Wislizenus and Smith, Bell & Co. (42 Phil., 401, 404), to wit:

“The ordinary interlocutory order declaring default
against a party for failure to appear or answer is precisely the same
sort of order as that known to the practice of courts of equity as the
taking of a bill pro confesso. Such an order is grantable as
of course upon any of the contingencies justifying the taking of a bill
as confessed; and when taken, such order becomes the foundation for the
subsequent final decree.
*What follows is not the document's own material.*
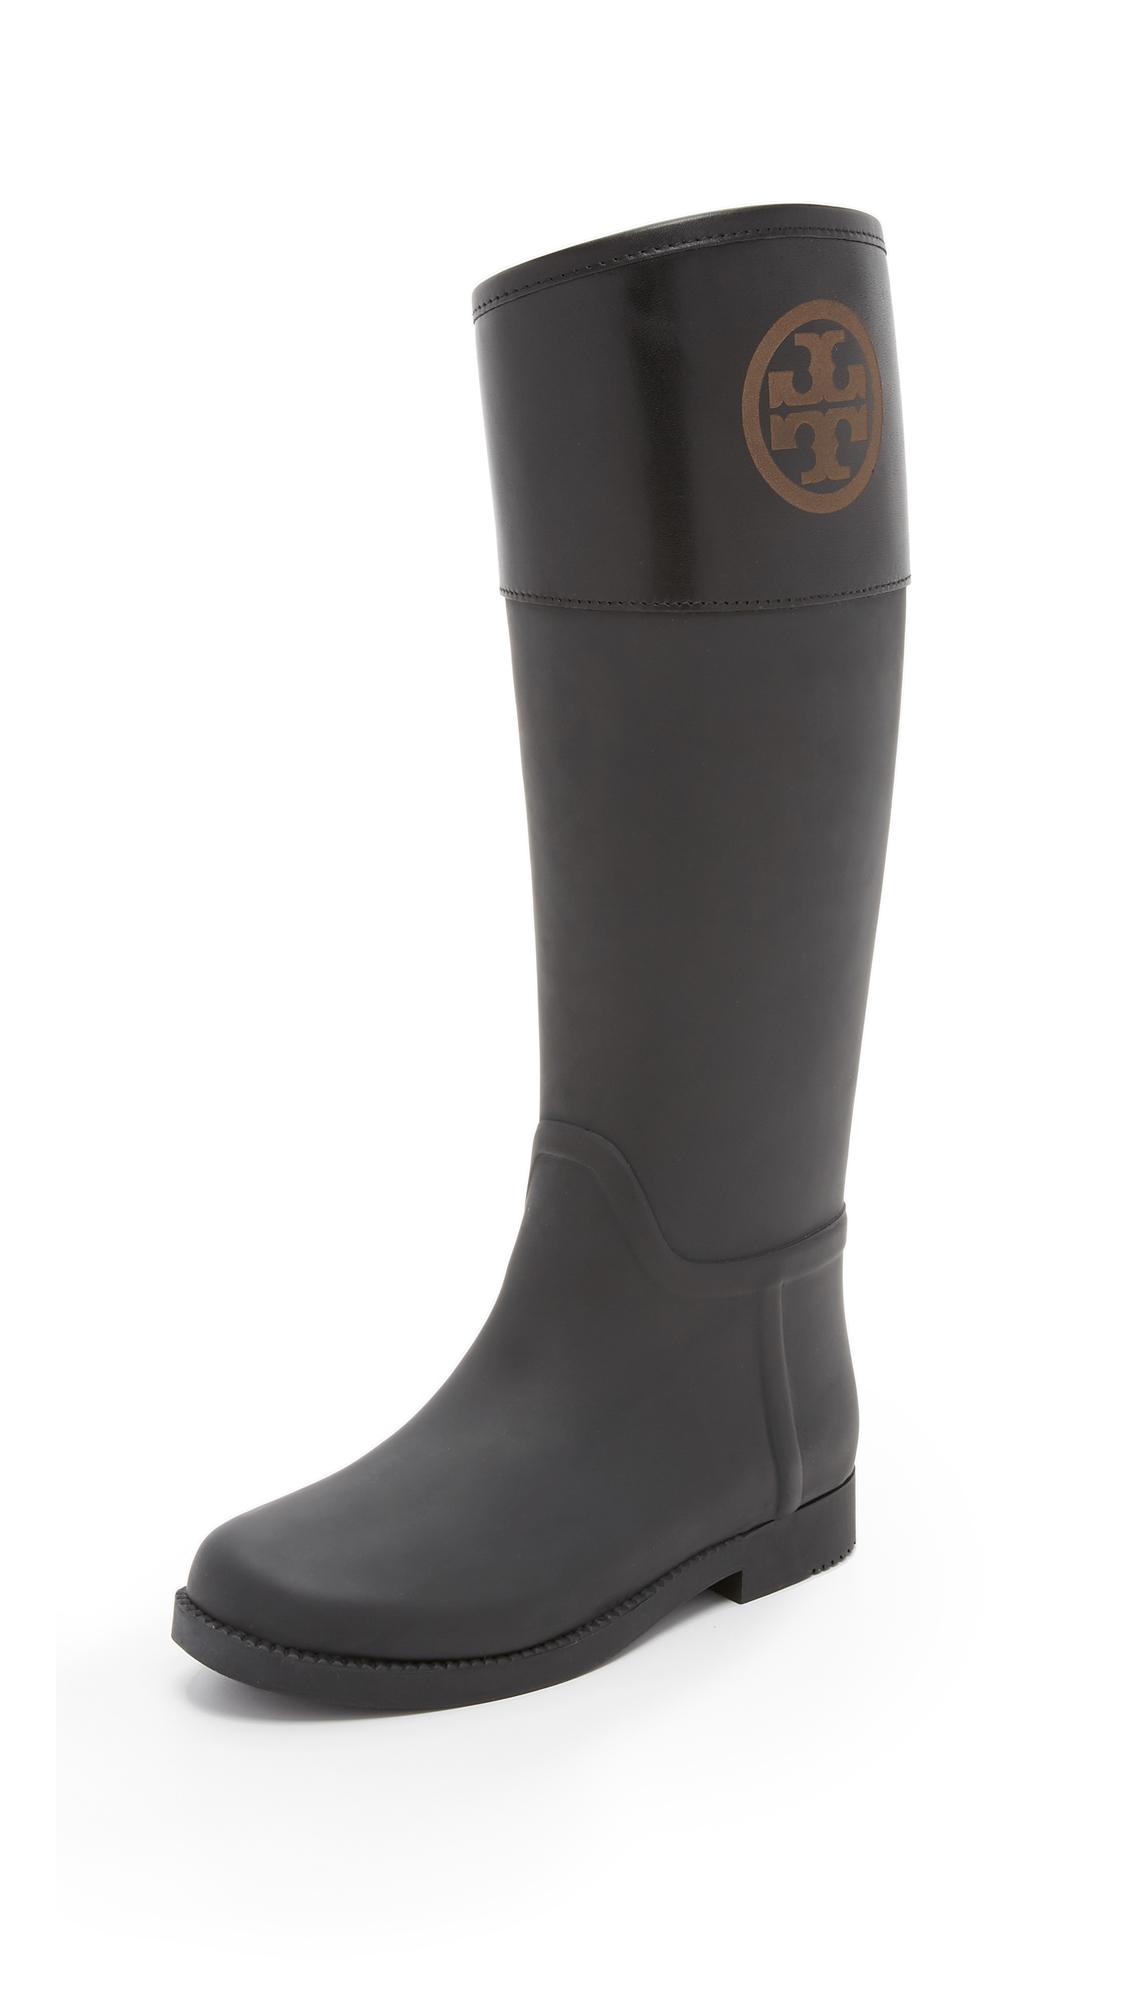 Tory burch Classic Rain Boots in Black | Lyst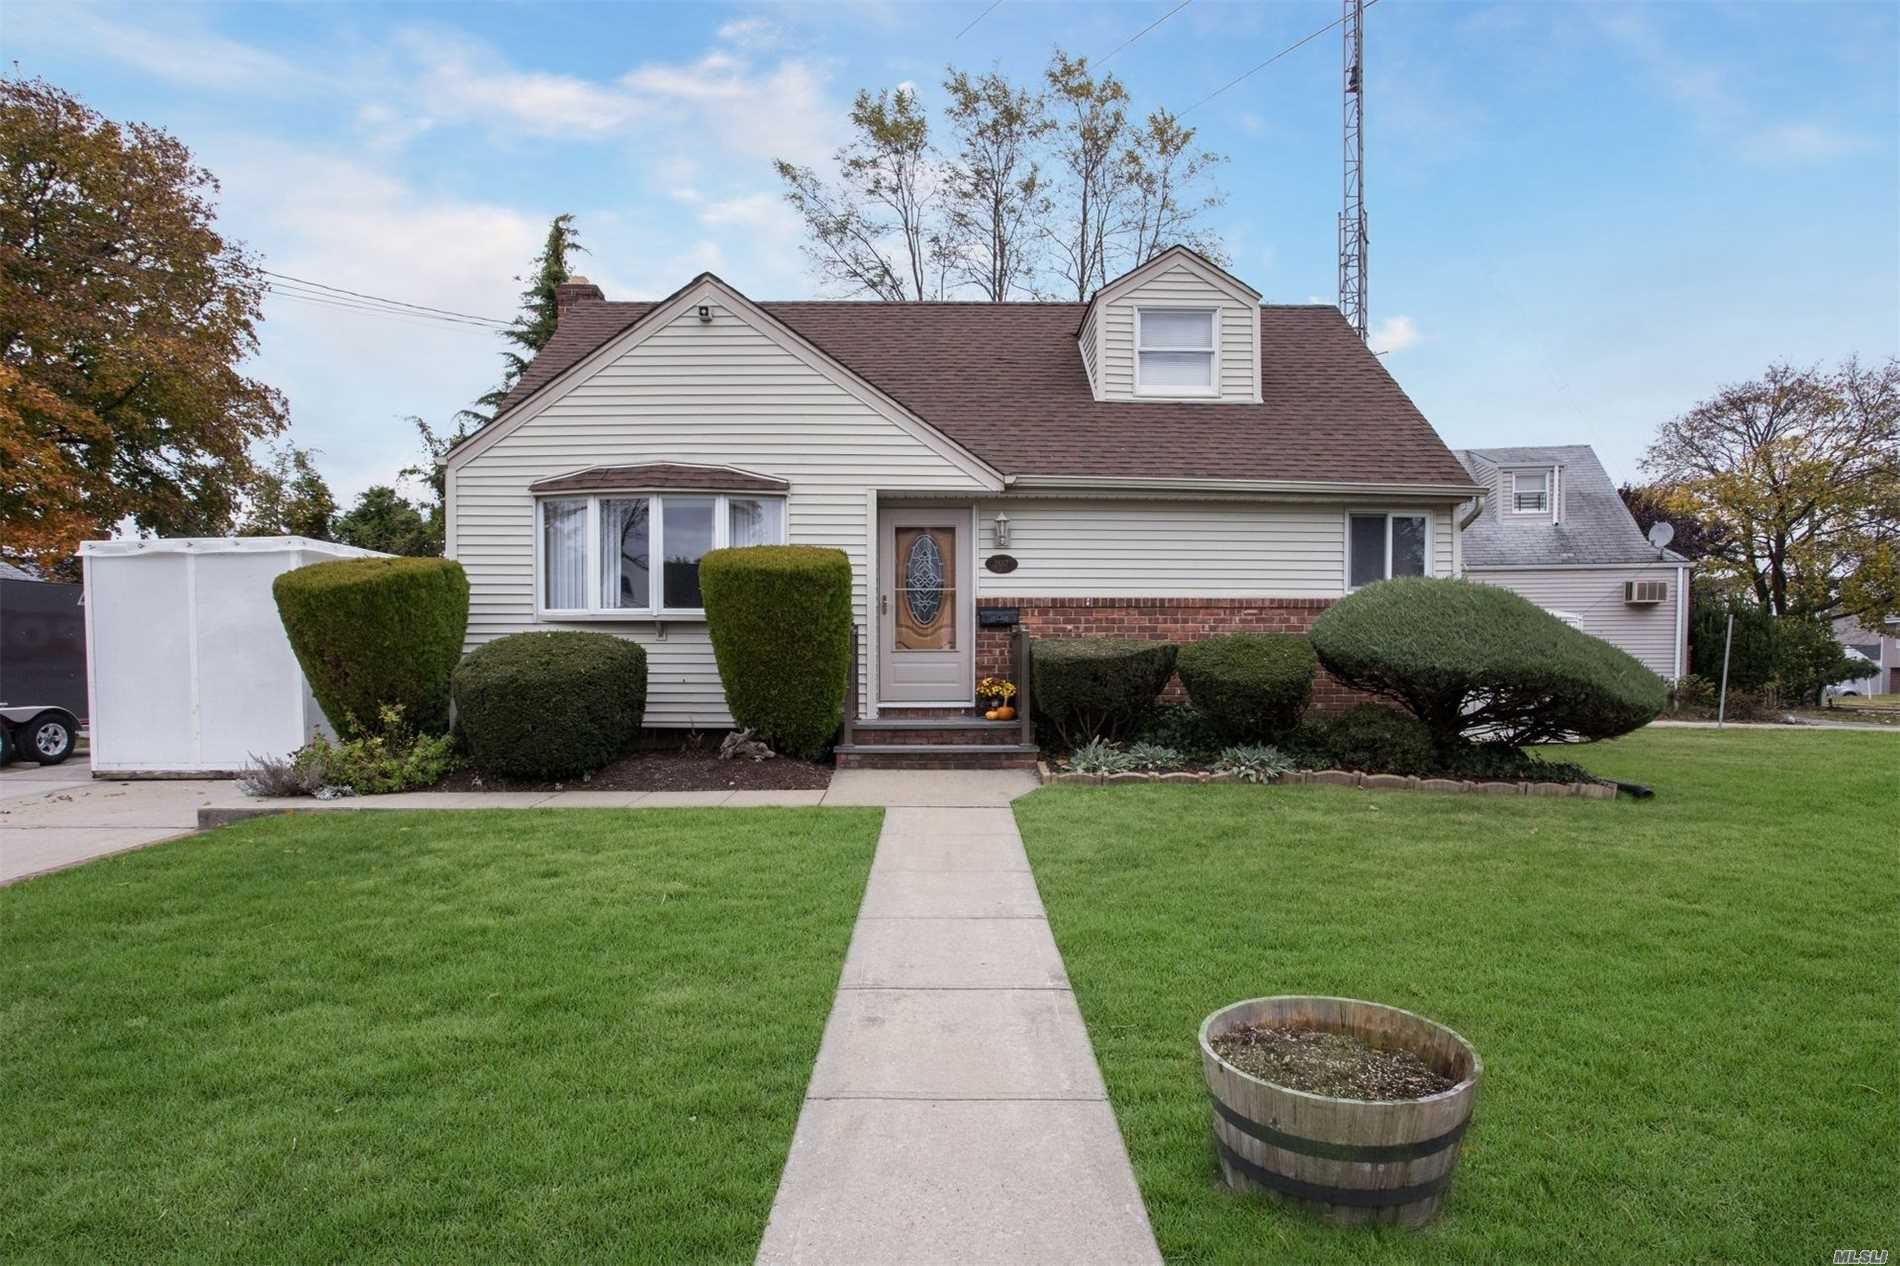 2667 Cedar Ln - N. Bellmore, New York

It is the uniform practice of courts of equity
to allow pro confesso orders to be set aside upon timely
application and any reasonable showing that the defendant probably has
a meritorious defense and that he was not culpably negligent in failing
to put in his defense sooner.”

Under the circumstances
surrounding the late filing of the answer to the complaint and taking
into consideration the fact that it was delayed only five days, we are
of the opinion and so hold that the defendant’s negligence in this case
was excusable.

Wherefore, the judgment appealed from is hereby set aside and it is
hereby ordered that the record of the case be remanded to the trial
court so that, upon admission of the answer to the complaint, it may
proceed to hold a new hearing thereof at which the defendant shall be
permitted to present her evidence and the plaintiff, his additional
evidence and evidence in rebuttal, without the necessity of retaking
what has already been presented by him, with the costs of this instance
against the plaintiff-appellee. So ordered.

Malcolm, Villa-Real, Hull, and Goddard, JJ., concur.